I mentioned last week that I’d started reading James Suzman’s Work: A History Of How We Spend Our Timeand this week I’d like to talk a bit about the stuff it’s made me think about, and gather your thoughts on some of it too, if any of you would like to share them with me. Firstly, a quick potted history of Suzman’s main arguments so far – essentially, he outlines the idea that the concept of “work,” which has become the deciding factor in how we conceptualise and value ourselves as people, is a relatively recent idea that’s alien to our evolutionary biology, and to the way we functioned socially and culturally for the vast majority of our existence. Modern economics is founded on the principle of scarcity – the idea that we have limitless desires and needs, and limited resources to fulfil them, so the concept of “work” is about proving and demonstrating our right to access those limited resources through the expending, generating or transforming of energy. Conversely, the way we functioned for the first few hundred thousand years of our existence was founded on the principle of abundance – that our needs and desires were limited, and the resources available were more than enough to fulfil them, so we rarely expended our energy on anything more than the fulfilling of our immediate needs, or those of our friends and families.

All this is relatively obvious, and it’s hardly revelatory that the way our societies and cultures work today is radically different to the way they worked before we started farms or built villages, but the way Suzman goes through the history of what the concept of “work” must have meant to us on a purely ideological level is really interesting, and it’s a really fascinating book, I highly recommend it to anyone who’s curious about this kind of thing.

Anyway, this has got me thinking about how we conceptualise work these days. The essential metric by which we measure people’s worth and value and significance is the work they do, with industriousness being considered a virtue and idleness being considered a vice. The more money somebody makes, the more they are considered to be “worth” something, although those who are perceived to have not “worked hard” to earn their money, be they rich or poor, are also automatically considered to be “worth” less on a human level. There’s nothing inherently wrong with that basic calculation, but I think it creates damaging attitudes around what one’s “work” actually is, and should be. Young people are being steered towards careers that prioritise economic growth over emotional or spiritual growth, with the news this week that the government are planning to limit student numbers on lower-earning arts and humanities degrees, a move which not only stigmatises any career decision not based on economics, but also conveniently ignores quite how many billions the arts sector actually contributes.

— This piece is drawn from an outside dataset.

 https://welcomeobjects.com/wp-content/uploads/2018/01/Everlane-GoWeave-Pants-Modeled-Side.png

My own personal attitude to work is a funny one – I’m a sort of idle workaholic. On a day-to-day basis, my working schedule looks a lot like idleness to my friends with regular 9-to-5 jobs, because I spend a lot of time pottering, thinking, often just procrastinating and wasting time, and tend to get my “work” done in concentrated bursts of energy lasting a couple of hours, after I realise how much of the working day I’ve already wasted. My old housemates used to make fun of me when I would moan about having to do 4 full days’ work in a certain week, saying it was a good thing I didn’t have a “regular” job, as anyone I worked with would hate my built-in resistance to just having to do something at a particular time rather than when I felt like it (indeed, back when I had jobs in more corporate contexts, I was very bad at understanding that my time might possibly be owed to anyone other than myself, and I think often frustrated my colleagues by just not being able to get my head round that). On the other hand, I am very bad at actively choosing to not work – I’ve gone five years without going on a holiday of any kind before, and until last year I never, ever gave myself days off. Any given day, be it a weekend, a bank holiday, whatever, was fair game for me to find pockets of it to get work done. Essentially, my days always contained big stretches of idle down-time, but nearly every single day of my life was a “working day,” with no boundaries drawn between my “working life” and my “free time.”

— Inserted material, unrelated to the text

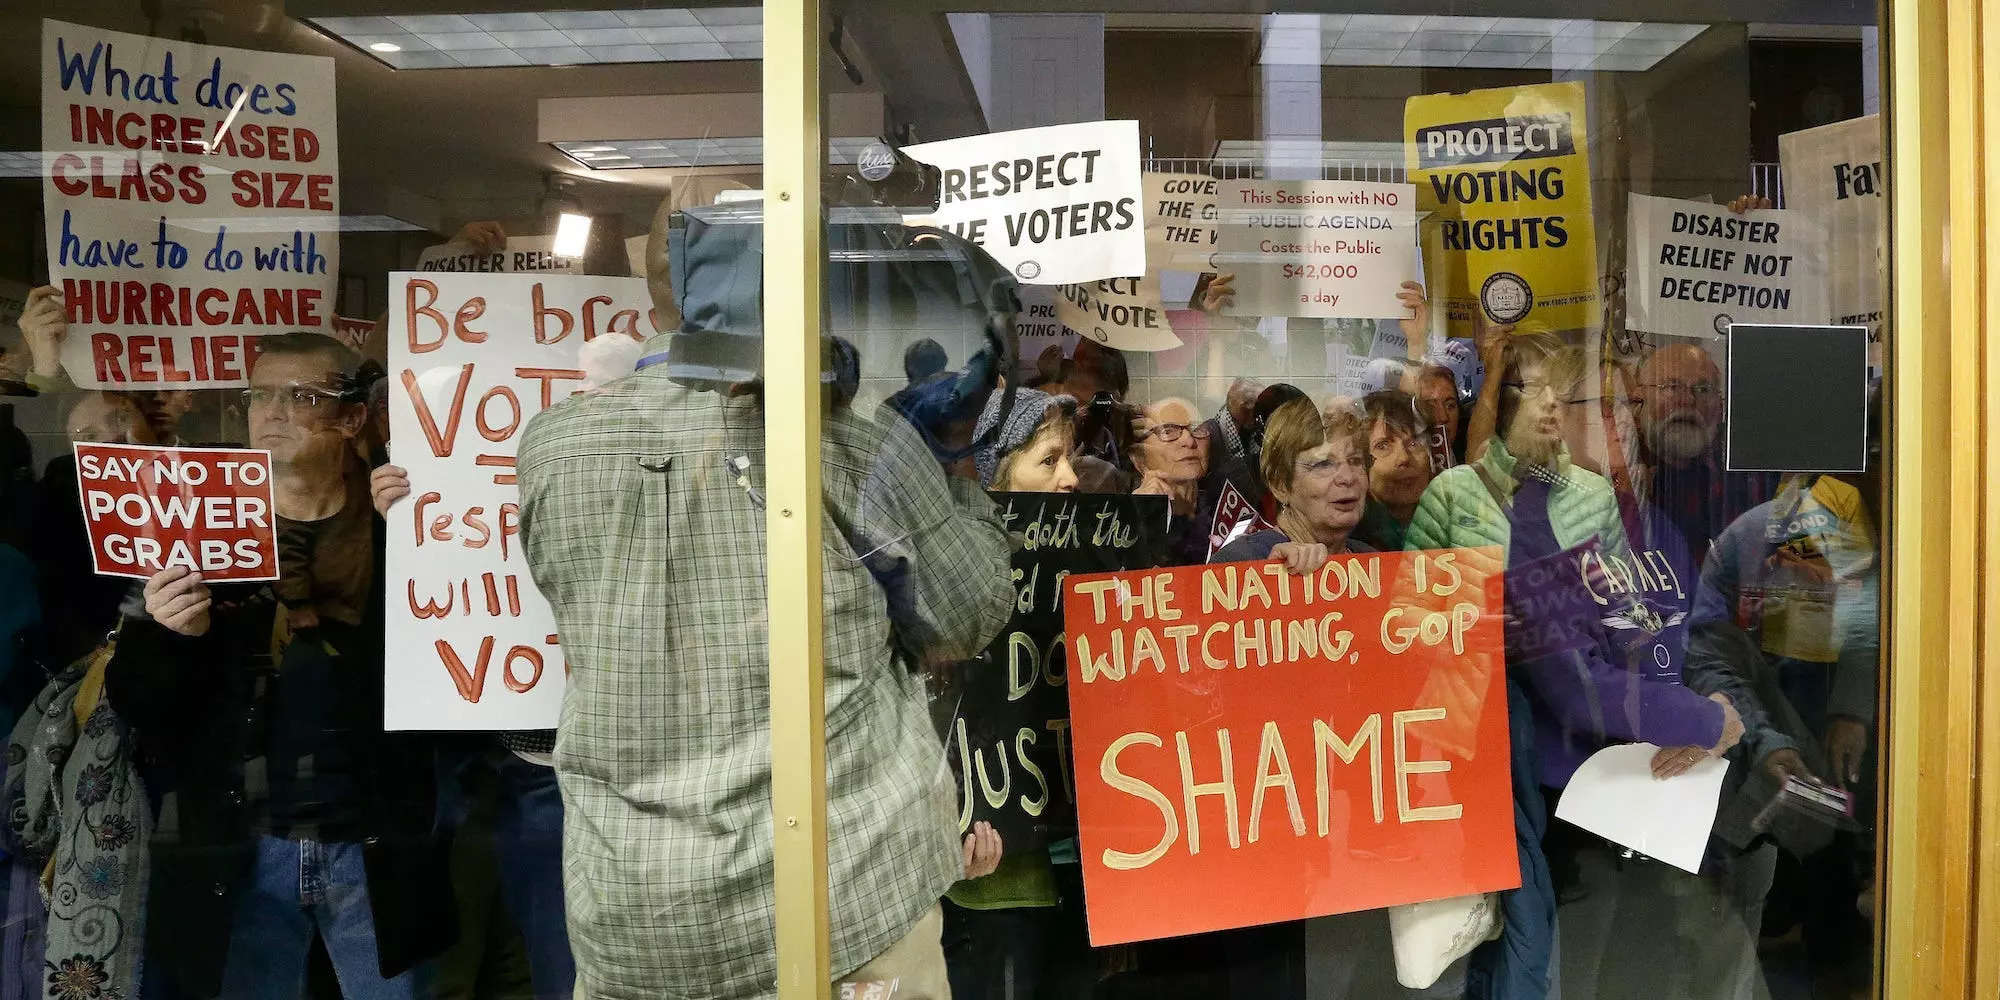 Protestors gather outside of a press conference room during a special session at the North Carolina Legislature in Raleigh, N.C., Thursday, Dec. 15, 2016.

All this brings me to the phrase “work-life balance,” which is a phrase I have always felt really confused by, as it seems odd to me that we must conceptualise our “work” as being a separate thing from our “life.” One of the central struggles of all of our lives is maintaining a decent “work-life balance,” finding the right equilibrium between what we do for a living, and what we like to do culturally and socially. I’ve always wondered why these need to be two different things, and Suzman’s book has really got me pondering on the fundamentals of this. Why can’t our leisure time be part of our work – time spent thinking, reflecting, resting, playing, why can’t this time feed into the things we do that we call “work” that are essentially about economic activity? Why can’t our work be part of our leisure? The things we put our energy into to prove our worth, why can’t elements of those things be the things that feed us emotionally and socially and spiritually, why are we always having to draw a line between the two and maintain some sort of “balance” between them?

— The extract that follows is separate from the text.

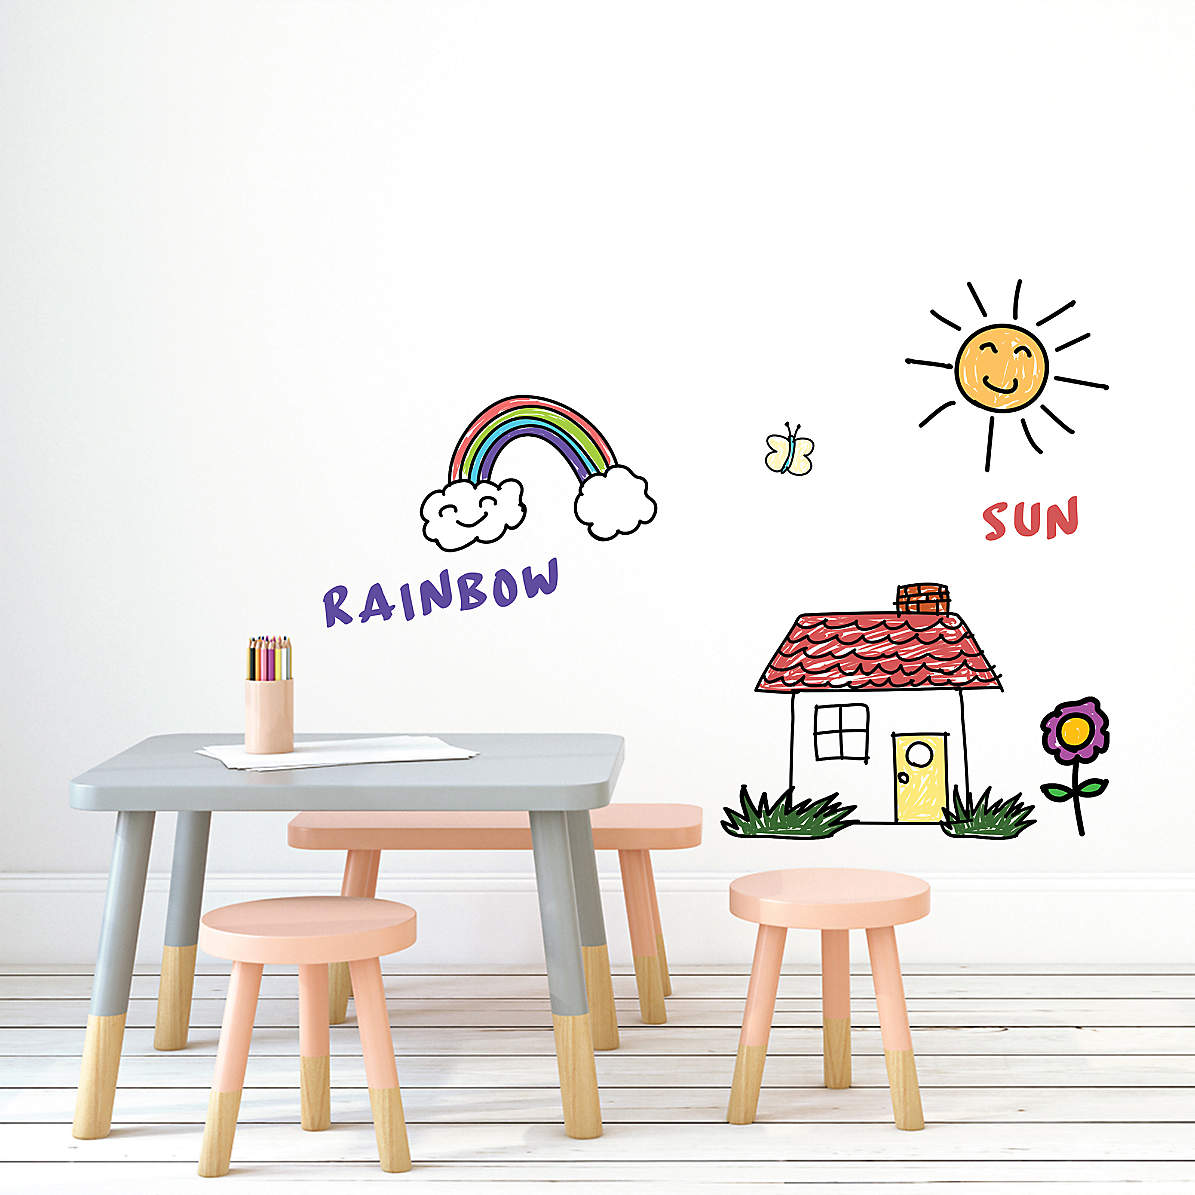 Removable Whiteboard Sticker Wall Stickers Creative Erasable Kids

It’s easy for all this to just sound like I’m saying “Why doesn’t everyone just do a job they love?” but I don’t think that’s what I’m getting at – I like being a comedian, but I frequently have to do things for money that I don’t feel excited by or inspired by or particularly want to do, but my feelings about the concept of a “work/life balance” are more about an ideological mindset than an actual theory about what we could or should do in order to “make a living.” I think what I’m really trying to say is more fundamental than that – it’s more like “Could there be a world in which we didn’t measure people’s worth by the work they do full stop? And the way we let people think about what they were going to do with their life was more attuned to their individual human qualities, than to the concept of what they were going to contribute economically?” We live in a society that is so rigid in how it functions and how it treats people that really getting to grips with that question, and pondering alternatives, feels sort of impossible, but these aren’t new thoughts or questions. I’ll finish with one of my favourite quotes, from R. Buckminster Fuller:

“We should do away with the absolutely specious notion that everybody has to earn a living. It is a fact today that one in ten thousand of us can make a technological breakthrough capable of supporting all the rest. The youth of today are absolutely right in recognizing this nonsense of earning a living. We keep inventing jobs because of this false idea that everybody has to be employed at some kind of drudgery because, according to Malthusian Darwinian theory, he must justify his right to exist. So we have inspectors of inspectors and people making instruments for inspectors to inspect inspectors. The true business of people should be to go back to school and think about whatever it was they were thinking about before somebody came along and told them they had to earn a living.”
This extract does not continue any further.